# Cocktail Meatballs - right chili sauce?



## suziquzie (Nov 6, 2007)

I'm trying these for the 1st time, I found a recipe for them at Allrecipes. Using grape jelly, "chili sauce" and mustard. I found chili sauce but I don't know if I bought the right one. I got Sriracha hot chili sauce..... is this going to be too hot for the kids or should I have gotten the la choy or whatever that said chili sauce for chicken. That was more of a sweet sauce and thought that may make it too sweet with the grape jelly. 

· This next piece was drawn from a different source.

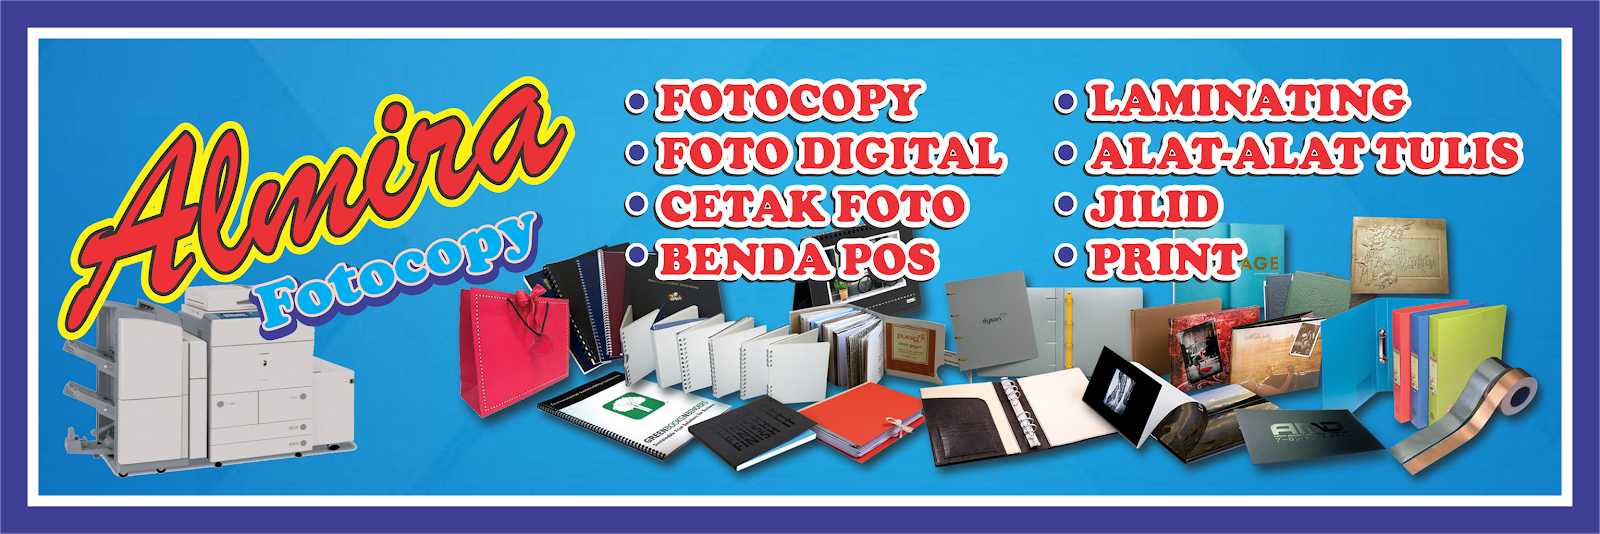 Download Desain Grafis Spanduk Usaha Fotocopy Cdr Gratis Desain Grafis Tempat Desain Format Cdr

Or does anyone have thier own version to share? My husband loves them, I've never made them, I'm not a meatball fan.


----------



## Andy M. (Nov 6, 2007)

That may be too hot.  I think that recipe calls for the Heinz chili sauce that is a highly seasoned ketchup-type sauce.


----------



## Loprraine (Nov 6, 2007)

I also think it would be too hot.  I use Heinz.


----------



## elaine l (Nov 6, 2007)

I have made this recipe and it does mean the Heinz "ketchup" variety.


----------



## suziquzie (Nov 6, 2007)

So would that be near the ketchup? I was so excited to shop the newly expanded international foods aisle!!! Bummer!!!   
The sriracha smells really good!!!


----------



## jennyema (Nov 6, 2007)

suziquzie said:


> So would that be near the ketchup? I was so excited to shop the newly expanded international foods aisle!!! Bummer!!!
> The sriracha smells really good!!!


 
Keep the Sriracha, it's delicious.  You will find many uses for it in recipes and as a condiment.  Try it on scambled eggs, in soups, etc.

But everyone is right -- the chili sauce in question is basically ketchup but thicker.  It's right next to the ketchup in the store.


----------